- Born: Tajudeen Adeyemi Adefisoye 3 August 1984 (age 42) Ondo State, Nigeria
- Occupation: Entrepreneur/Politician

= Tajudeen Adeyemi Adefisoye =

Nigerian politician

Tajudeen Adeyemi Adefisoye (born 3 August 1984) is a Nigerian politician, businessman and philanthropist. He is the Founder and President of Small Alhaji Youth Foundation (SAYDEF), an NGO aimed at Youth development in Ondo State, He is the youngest and only Social Democratic Party (SDP) member in the House of Representatives for Idanre/Ifedore Federal Constituency, Ondo State, Nigeria.

== Early life and education ==
Adefisoye was born into the family of Alhaji Ismail, a cocoa exporter, and Alhaja Ebunola Adefisoye in Idanre Local Government Area of Ondo State Nigeria. He grew up in Akure, Ondo State where he attended Omolere Nursery and Primary School.(1991–1995). He thereafter went to the then Unity Secondary School, Ikere Ekiti now Ekiti State Government College (1995–1996) before proceeding to Federal Government College Ido-ani where he obtained his Senior Secondary Certificate in 2001.
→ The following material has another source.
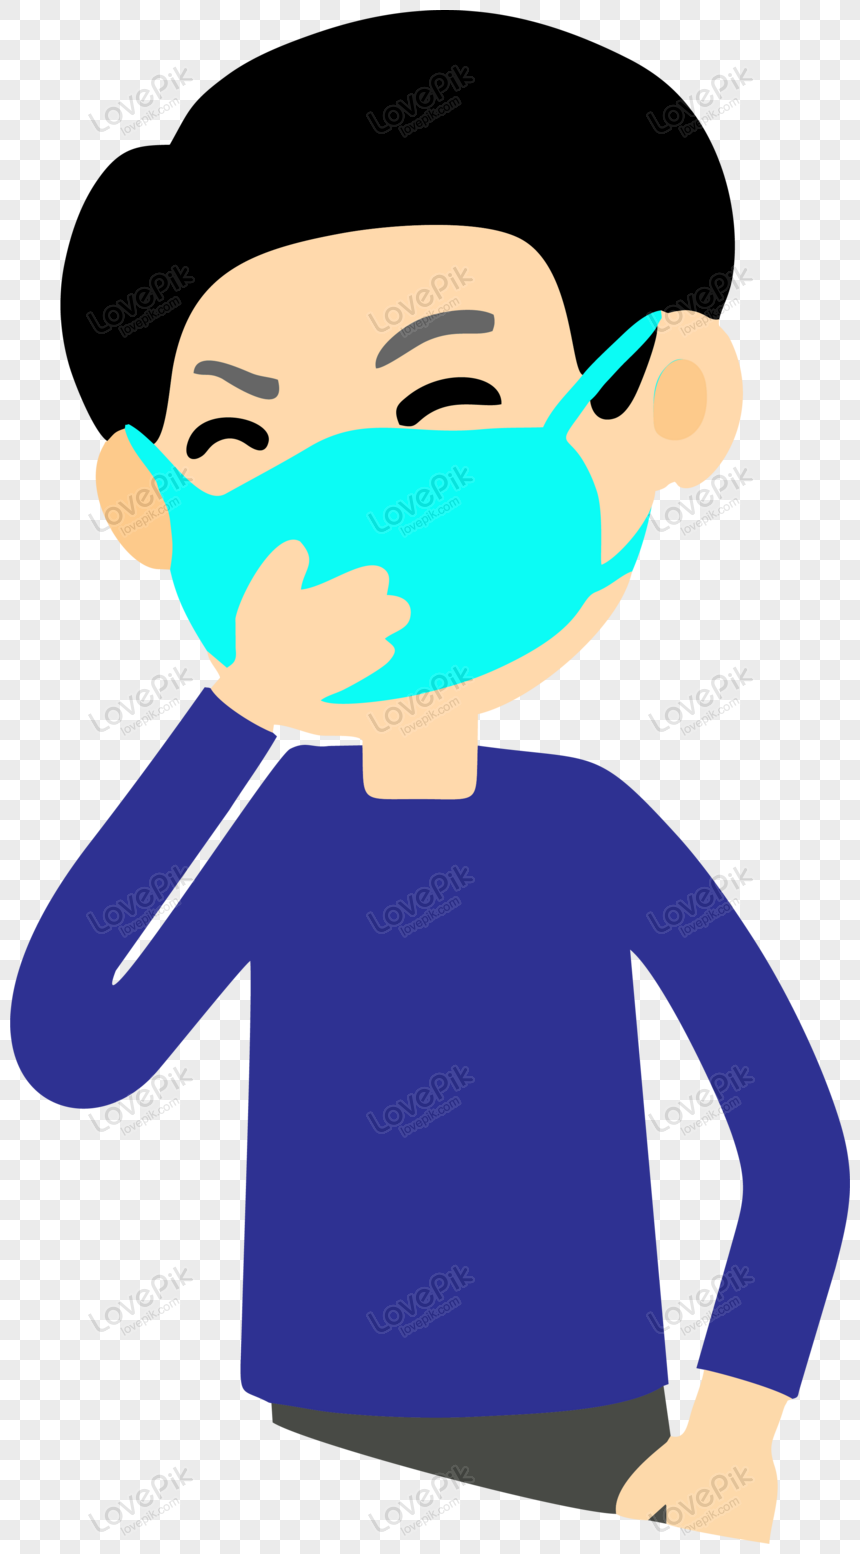 Boy Wearing Medical Mask Vector Illustration Png Image Psd File Free Download Lovepik 450070829
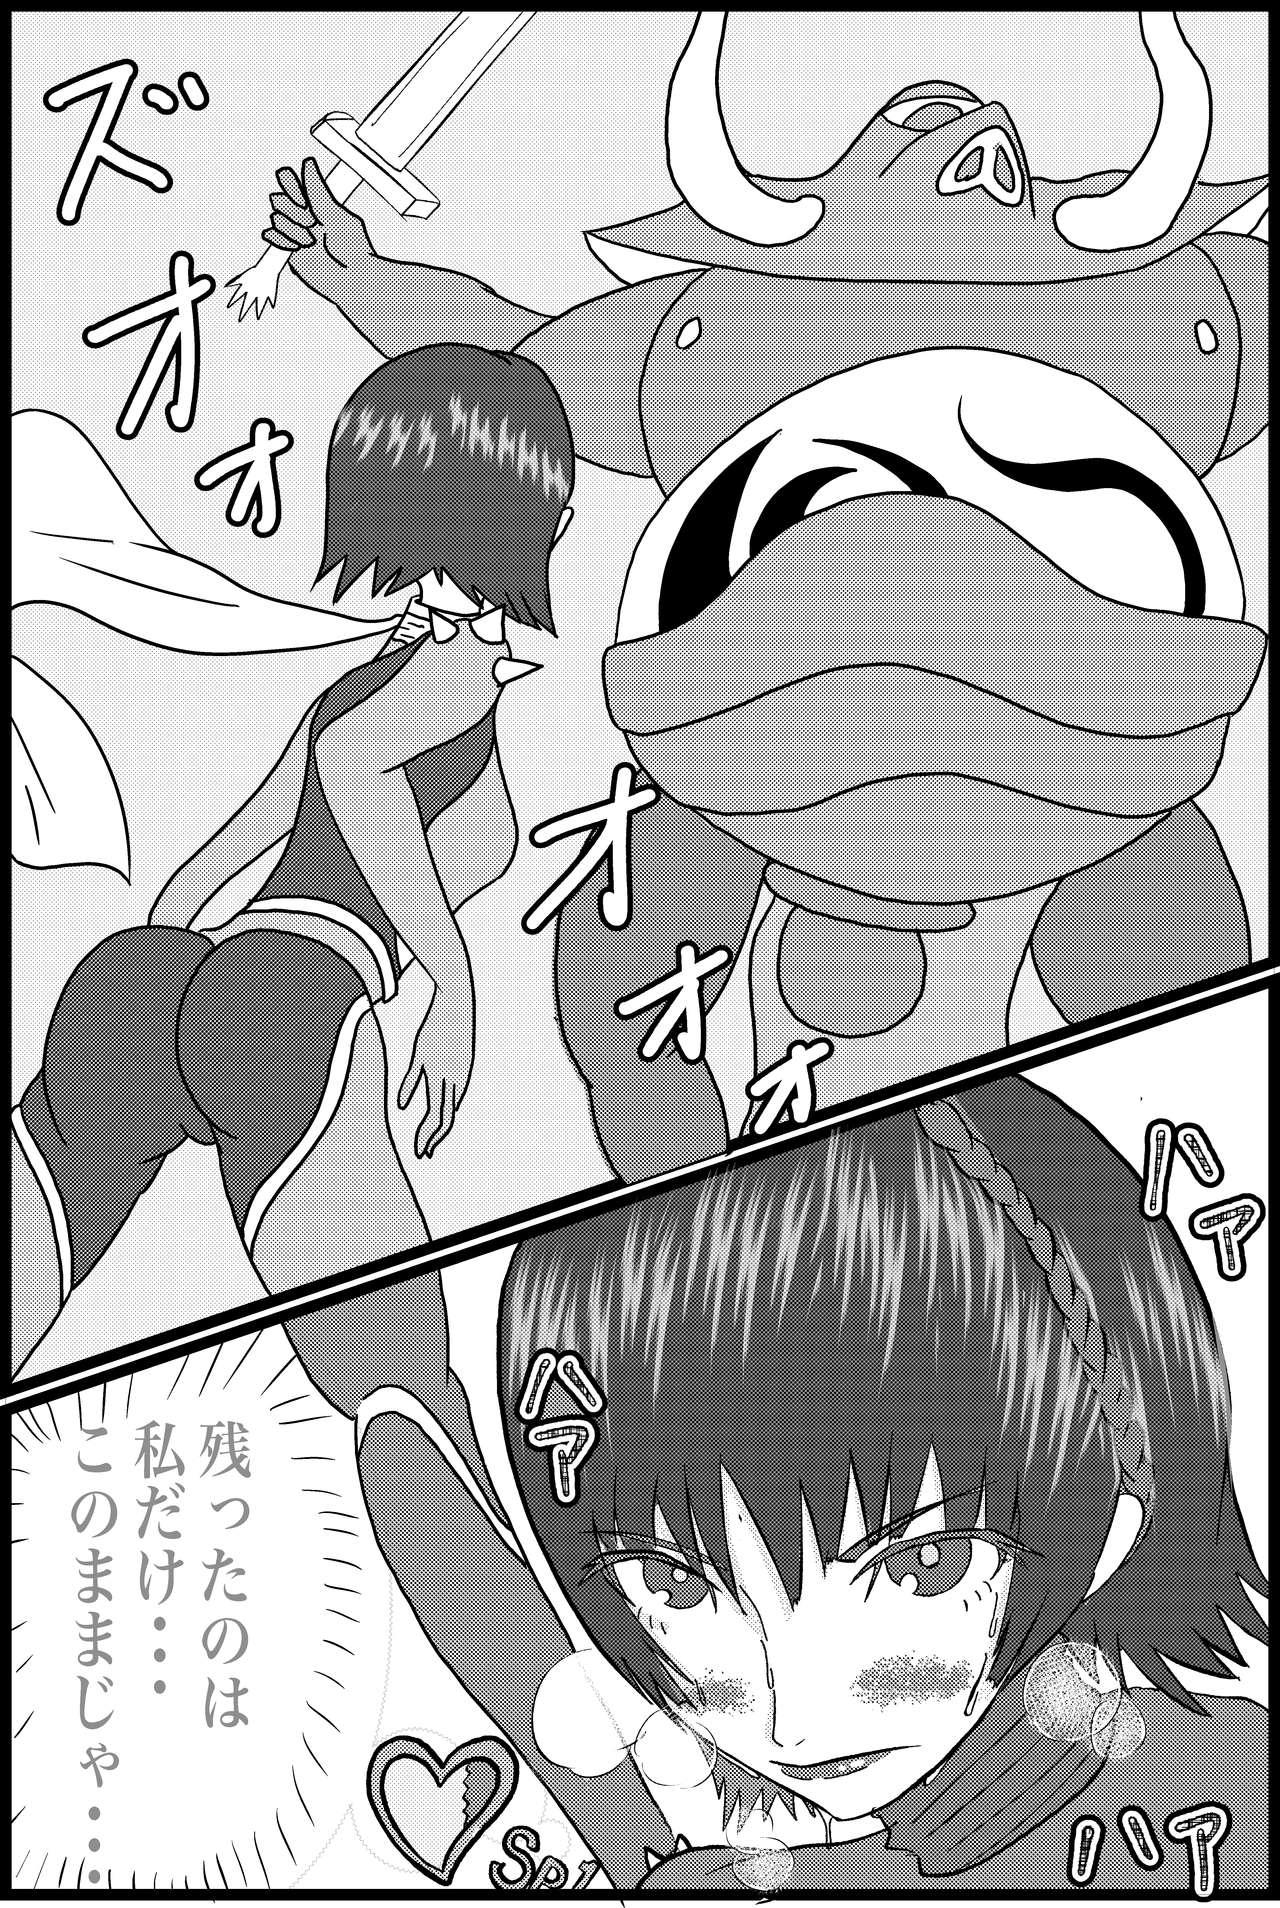 Fleshlight Kokoro no Kaitoudan VS Jakuten Debuff Kusuguri Jigoku - Persona 5 Dick Sucking Porn - Page 4

Tajudeen got admission into the Ekiti State University (UNAD) where he obtained his first degree in business administration.
Upon completion of his university education, he went for the yearly mandatory Youth service and was adjudged the best Corps member in Jos North Local Government.

== Career ==
After his Service Year in 2009, He took over the export division of the Atenidegbe Ventures Limited- a cocoa export company in Nigeria and was able to turn the company into a leading cocoa export company in Ondo state in less than a year. After which he established other business ventures. He is the chief executive officer and managing director of Vizline investment limited, a company that deals in haulage, exportation and general contracts; chairman VATA groups ltd, VATA hospitality ltd, VATA bottling and beverage company.

== Politics ==
Tajudeen joined active politics in 2010. He aspired to be a member of the Ondo state house of Assembly under the Labor Party in the same year but it was undone by the opposition. He then left the Labour party to the now defunct Action Congress of Nigeria( ACN) where he worked for the ACN gubernatorial candidates and also the National Assembly candidates in the years 2011 and 2012. In 2015, Tajudeen contested the Ondo State House of Assembly primary election under the umbrella of the All Progressive Congress (APC) and lost by 8 votes to the winner of the primary elections in Idanre Local Government Area of Ondo state.

In 2019, he contested and won the 2019 Member of the House of Representatives seat for Idanre/ Ifedore federal constituency.
He polled 16,186 votes to beat his closest rival Kayode Akinmade of the Peoples Democratic Party(PDP) in the keenly contested elections.
Upon winning the election, he said "My emergence serves as a beacon of hope to other young leaders that they can also win elections with determination, hard work and perseverance.